■ **Exercise data**

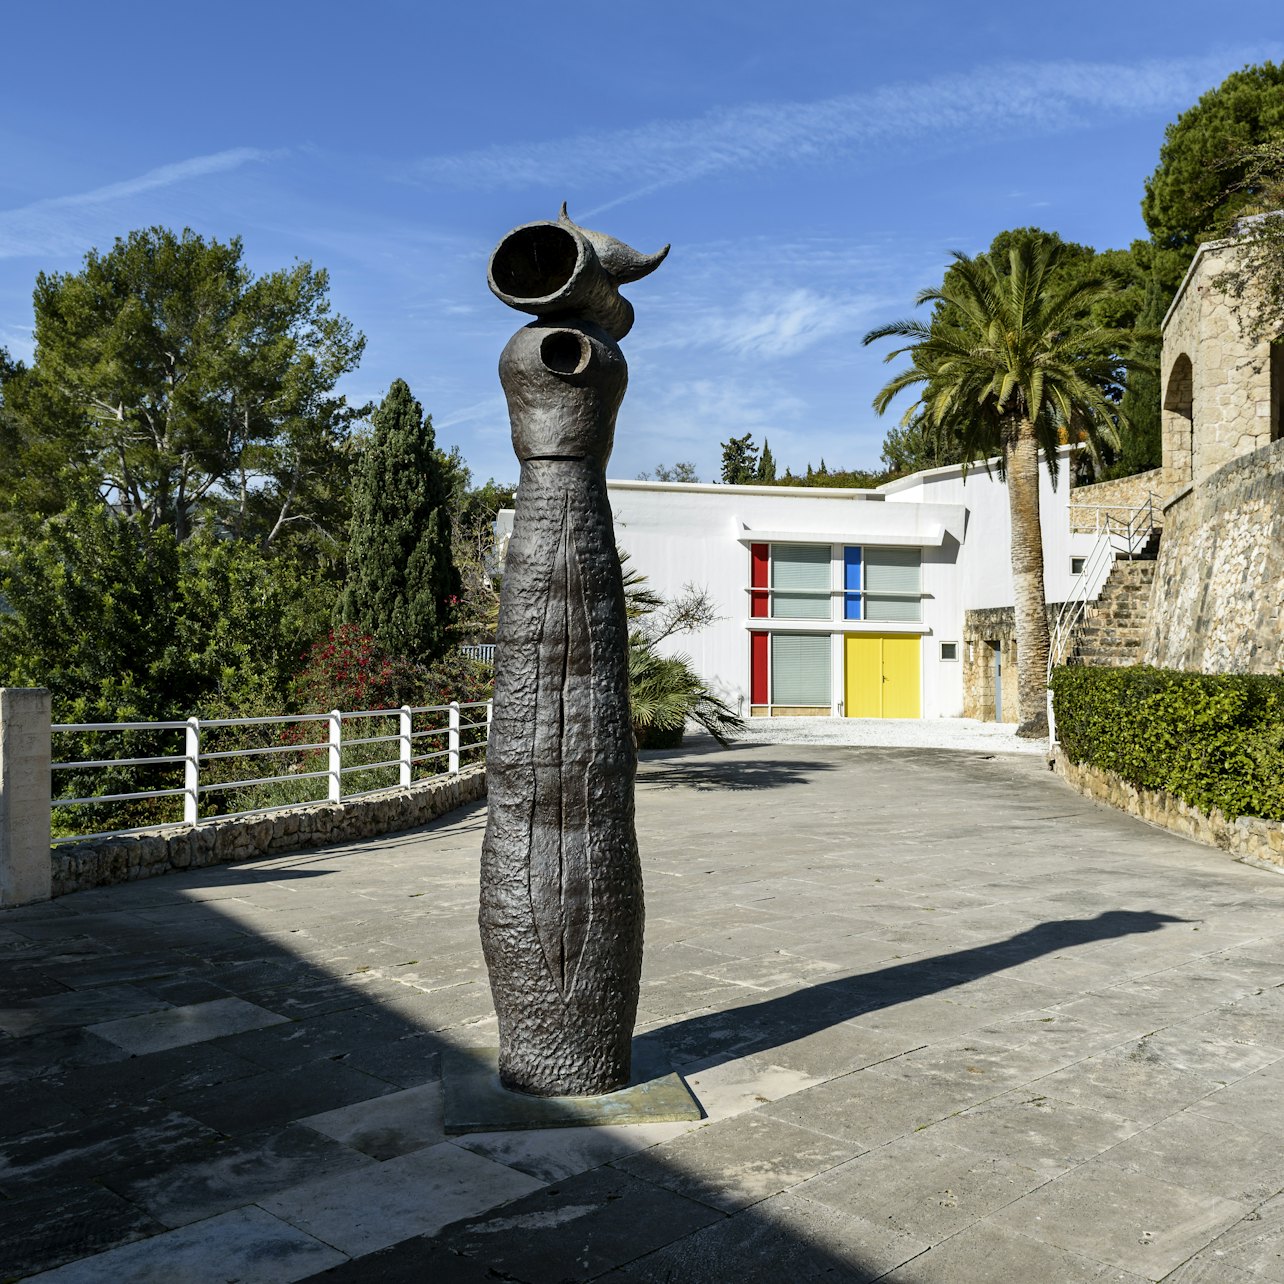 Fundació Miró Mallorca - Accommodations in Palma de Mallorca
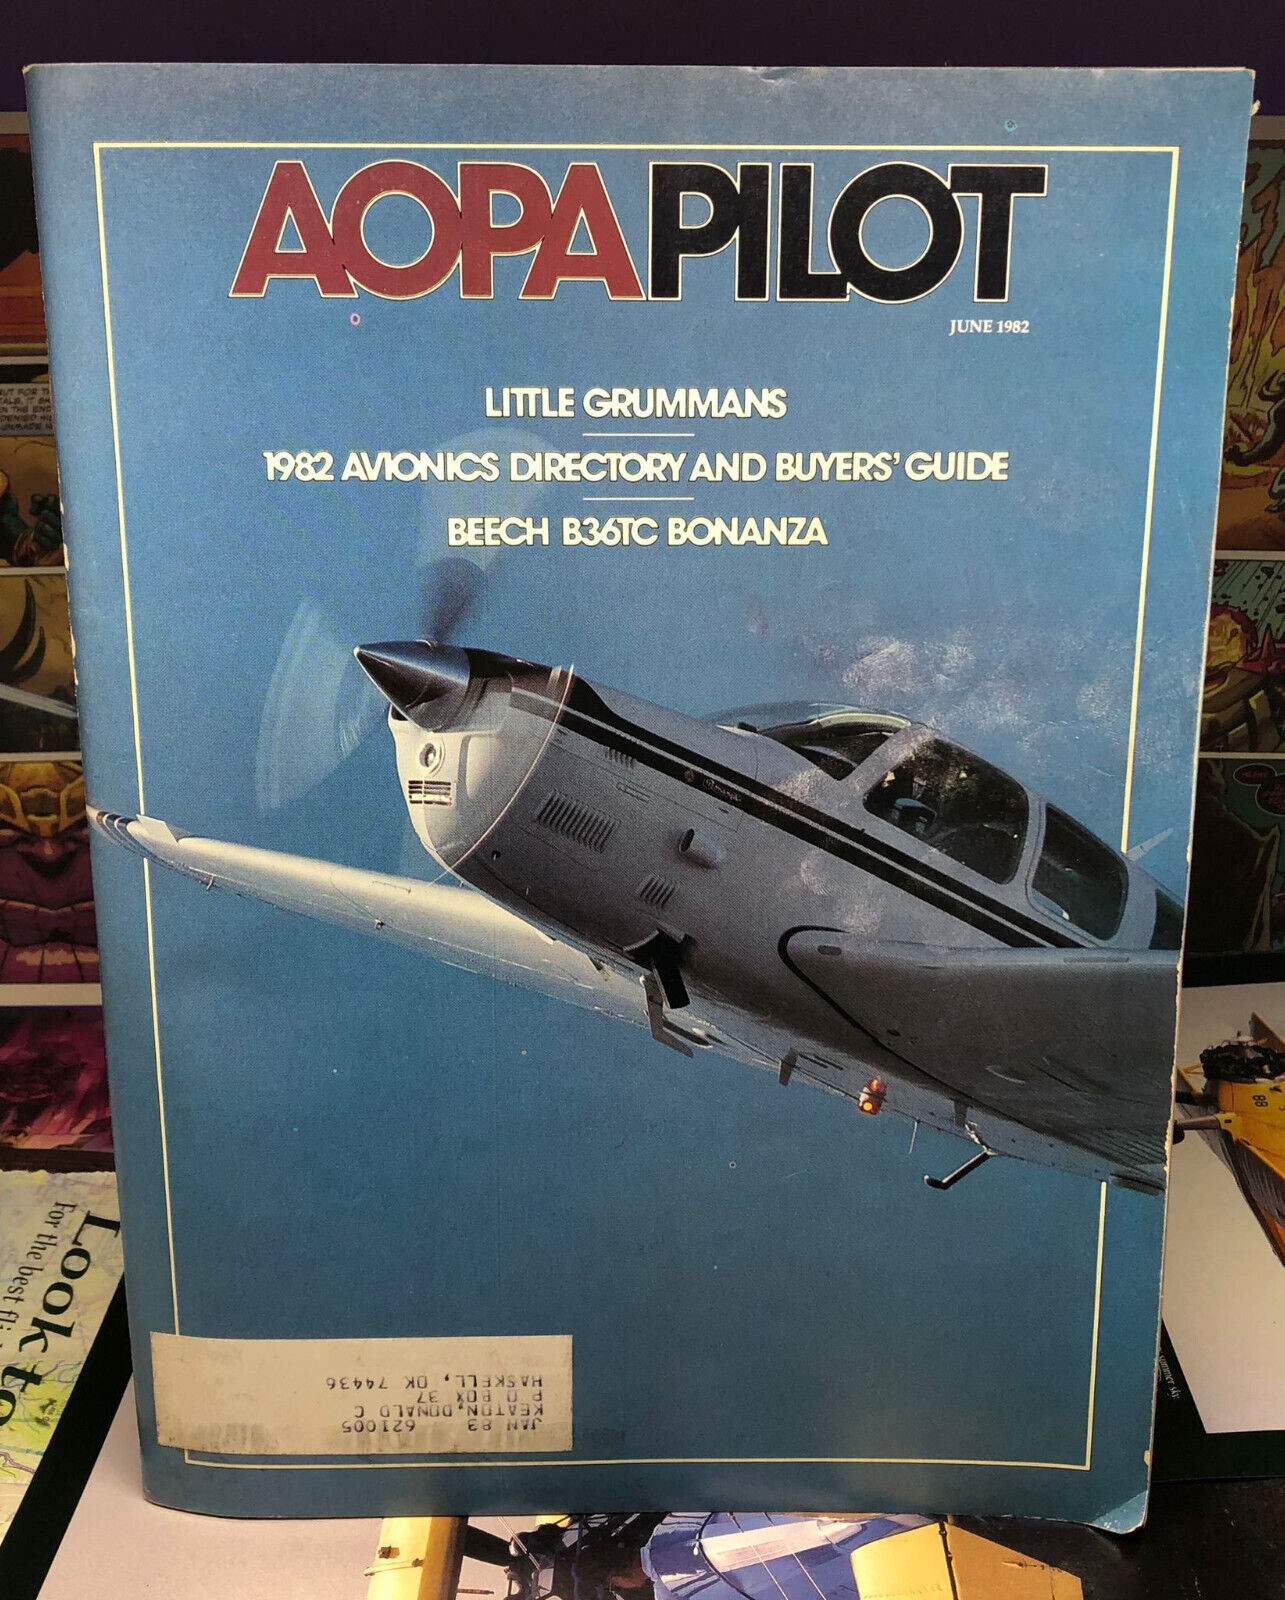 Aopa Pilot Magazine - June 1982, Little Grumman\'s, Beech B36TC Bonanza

==

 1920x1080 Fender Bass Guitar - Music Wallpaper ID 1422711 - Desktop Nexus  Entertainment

■ **What you should do**
For this task, return exactly the stretch of the listing above from the line with "Fundació Miró Mallorca" through the line with "Aopa Pilot Magazine", inclusive and without pictures.

■ **Output below**
 Fundació Miró Mallorca - Accommodations in Palma de Mallorca
 Aopa Pilot Magazine - June 1982, Little Grumman\'s, Beech B36TC Bonanza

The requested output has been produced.